What's wrong with VR tubes? When done right, they provide better than 2% regulation. I wouldn't obtain g2 supply by dropping B+, especially if that is 750-800 V. It is much better to have a completely independent g2 supply from a separate transformer.
I also like stacks of Li ion cells for g1 fixed bias. At 4 V, these cells have very low self discharge and keep steady voltage for years. Rock solid and completely unaffected by line voltage or amp current draw.
What's wrong with VR tubes? When done right, they provide better than 2% regulation. I wouldn't obtain g2 supply by dropping B+, especially if that is 750-800 V. It is much better to have a completely independent g2 supply from a separate transformer.
I also like stacks of Li ion cells for g1 fixed bias. At 4 V, these cells have very low self discharge and keep steady voltage for years. Rock solid and completely unaffected by line voltage or amp current draw.
somehow, i like the sound of G2 regulated pentodes better than ultralinear mode....but this is just me.....
Me three. I include active screen regulation. This wasn't used much back in "the day", and even VR tube regulation was pretty rare, but it's worth it for sonic performance. These are series pass regulators.

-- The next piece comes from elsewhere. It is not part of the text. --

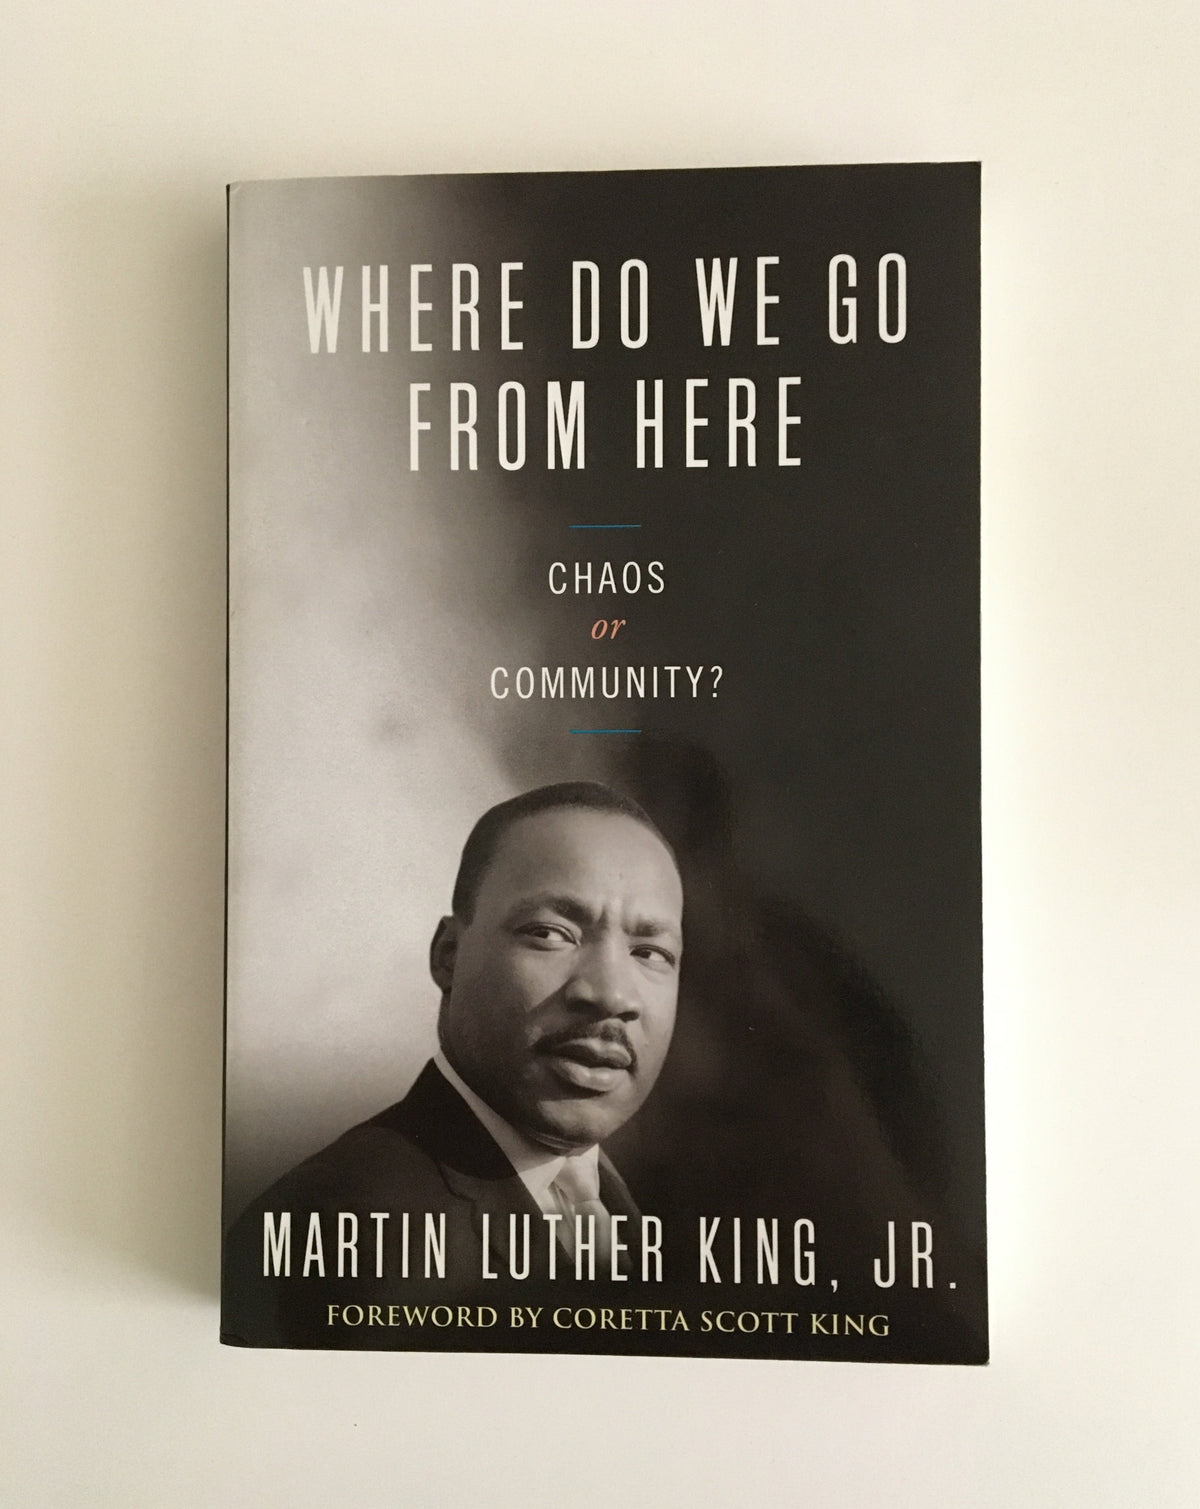 Where Do We Go From Here? by Martin Luther King Jr.
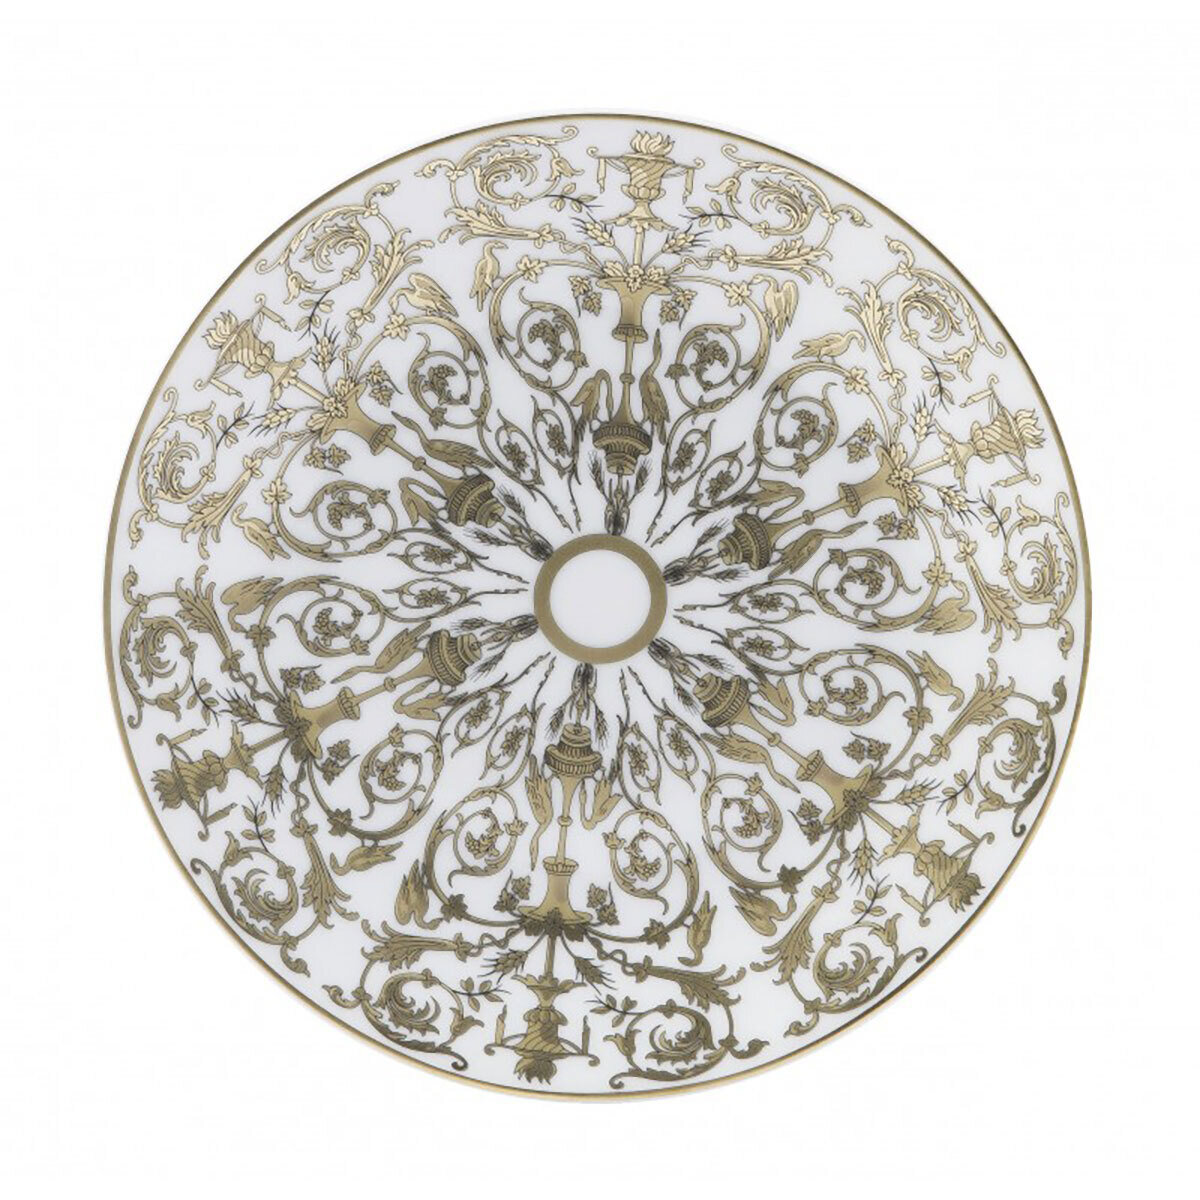 Deshoulieres Tuileries White Bread & Butter Plate 034862

The design that uses an unbalanced differential error amp is somewhat better in that the noise from the voltage reference can be filtered, besides it allows you to use those 6X8s. Both are quite effective in stabilizing the screen voltage.
You could also solid state these regulators, but I didn't do that since I didn't have any high voltage transistors, and I'd already done that loads of times before, so this was different. Trioded 6AQ5s work nicely as series pass devices.